Callback Type Description DAG Task
on_success_callback Invoked when the DAG/task succeeds mcd_dag_success_callback mcd_task_success_callback
on_failure_callback Invoked when the DAG/task fails mcd_dag_failure_callback mcd_task_failure_callback
sla_miss_callback Invoked when task(s) in a DAG misses its defined SLA mcd_sla_miss_callback N/A
on_retry_callback Invoked when the task is up for retry N/A mcd_task_retry_callback
on_execute_callback Invoked right before the task begins executing. N/A mcd_task_execute_callback

examples:

dag = DAG(
    'dag_name',
    on_success_callback=mcd_callbacks.mcd_dag_success_callback,
    on_failure_callback=mcd_callbacks.mcd_dag_failure_callback,
    sla_miss_callback=mcd_callbacks.mcd_sla_miss_callback,
)

task = BashOperator(
    task_id='task_name',
    bash_command='command',
    dag=dag,
    on_success_callback=mcd_callbacks.mcd_task_success_callback,
    on_failure_callback=mcd_callbacks.mcd_task_failure_callback,
    on_execute_callback=mcd_callbacks.mcd_task_execute_callback,
    task_retry_callback=mcd_callbacks.mcd_task_retry_callback,
)

Hooks:

  • SessionHook

    Creates a pycarlo compatible session. This is useful for creating your own operator built on top of our Python SDK.

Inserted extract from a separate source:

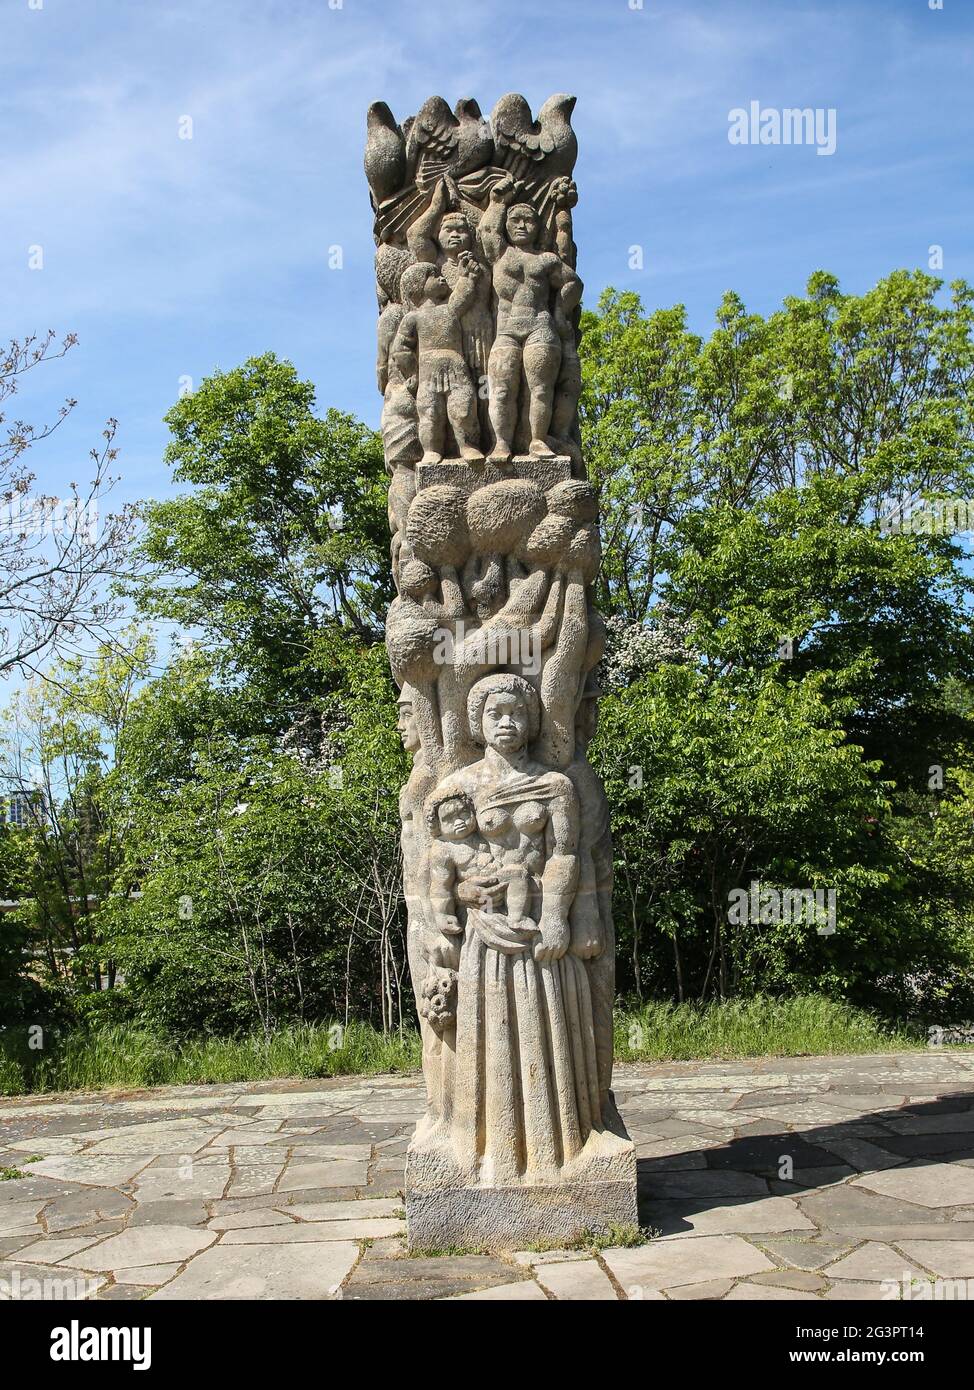 Stele der Völkerfreundschaft am LukashÃ¼gel in Magdeburg Stockfoto

    This hook expects an Airflow HTTP connection with the Monte Carlo API id as the "login" and the API token as the "password".

    Alternatively, you could define both the Monte Carlo API id and token in "extra" with the following format:

    {
        "mcd_id": "<ID>",
        "mcd_token": "<TOKEN>"
    }
    

    See here for details on how to generate a token.

Operators:

  • BaseMcdOperator

    This operator can be extended to build your own operator using our SDK or any other dependencies. This is useful if you want implement your own custom logic (e.g. creating custom lineage after a task completes).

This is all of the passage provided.